7/10
Experimental, innovative, absurdist, superficial, coherently boring.
13 April 2024
Four pronouns, three parts, two types of narration (the one we hear and the one we see) in a single provocatively minimalist film.

The first-person narration we hear would be the Je, the images of Je that we see in response to the narration would be the Tu. Il and Elle would be the two sexual relationships that Je maintains in the second and third parts of the film.

The first part shows an interest in confronting two modes of narration, auditory and visual, exposing curious discrepancies. Akerman seems as if she wants to show the inherent discrepancies between the subjectivity and the needs of recited verbalization and those of cinematic visual narration.

There is a sense of necessity, of complete justification in the minimalist artistic approach adopted, totally in agreement with the content. And the innovative and experimental nature is beyond doubt.

Another thing is whether these contents convince us or not. The truth is that it is enormously difficult to interpret what we are seeing, or the implications that the director wants to assign to them.

For example, in that first part, we do not understand the behavior of the protagonist (Je, and even more Tu), and there does not seem to be an attempt to justify it in any way (depression, existential crisis or any of those things). She is simply a young woman who seems idle and bored and who at some point casts an intelligent and knowing look at the camera. Like the rest of the characters that will appear, she does not earn our sympathy nor does she intend to, rather she seems to convey a proud superficiality that makes us uncomfortable. The girl tells us that she has not left her room for almost a month, feeding exclusively on sugar, but misteriously maintaining her full physical condition. We see her nonchalantly writing some letters while she puts the spoon full of sugar in her mouth again and again. The most we can say is that Chantal Akerman has no idea what it is to paint a flat, or the nutritional needs of a person. At a certain moment it snows (by the way, Akerman doesn't pay much attention to these technical aspects...), but the girl walks around the room naked without the slightest shivering.

The second part begins with the girl who finally decides to leave home to visit a girlfriend. While hitchhiking, she is picked up by a truck driver with whom she begins to become sexually intimate, although there is hardly the slightest conversation between them. We see them eat together in a restaurant while watching television, or have a beer without starting any conversation. But in any case, the young woman feels attracted to the boy enough to masturbate him and then listen to his confidences regarding his family relationships and his increasingly uncomfortable sexual obsessions.

The third part begins when the girl arrives at her destination, her friend's house. Once again the meeting turns out to be cold and the behavior of the two young women capricious. If there are tensions between them, they seem as emotionally superficial as their desires, and entirely physical. Little by little they dedicate themselves to a silent mutual seduction, and (as we think should usually happen to them), after the apparent initial irritation, they smooth things over and end up sleeping together. The sex scene is a mixture of Greco-Latin wrestling, display of sexual positions and artistic recreations of unknown ancient marble groups in motion.

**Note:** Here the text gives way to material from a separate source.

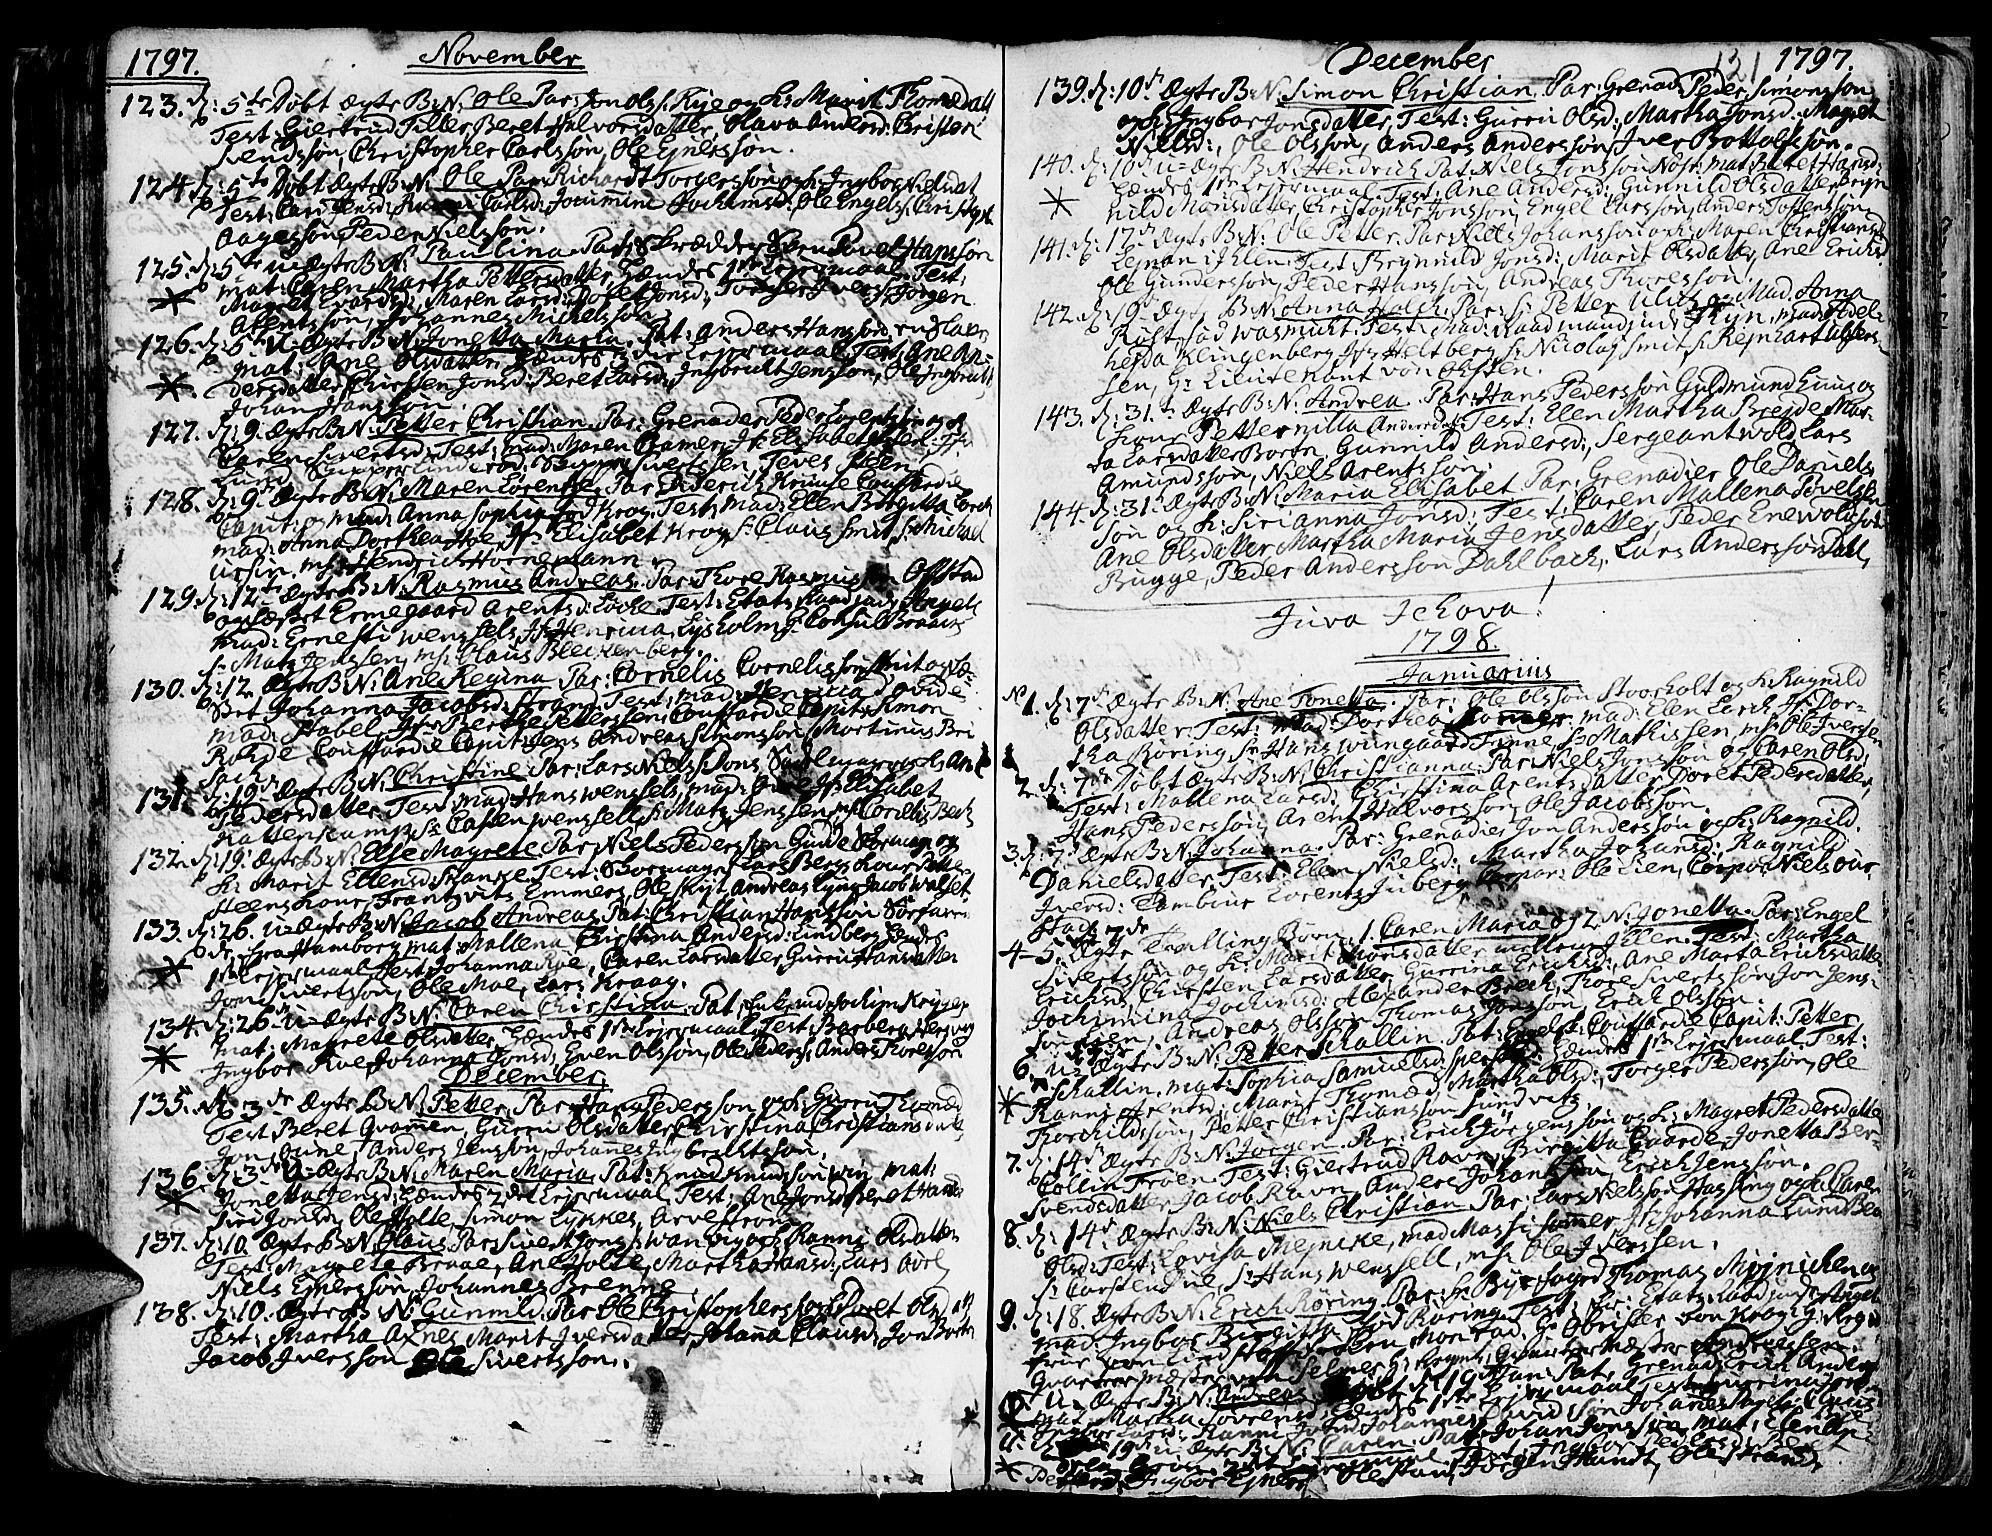 SAT, Ministerialprotokoller, klokkerbøker og fødselsregistre - Sør-Trøndelag, 601/L0039: Ministerialbok nr. 601A07, 1770-1819, s. 121

As insubstantial as in everything else, the next morning, the young woman gets out of bed and abandons her friend without even the slightest comment, we understand that to spend another month eating sugar in her room.

An inmensely interesting film, disruptive in showing the artistic posibilities of radical minimalism in plot and style, experimental in its rhythm and innovative in some of its themes, to show us an attitude towards life that does not seem to go beyond a very basic and inconsequential hedonism.

The young director seems here to be playfully in accordance with this attitude towards life.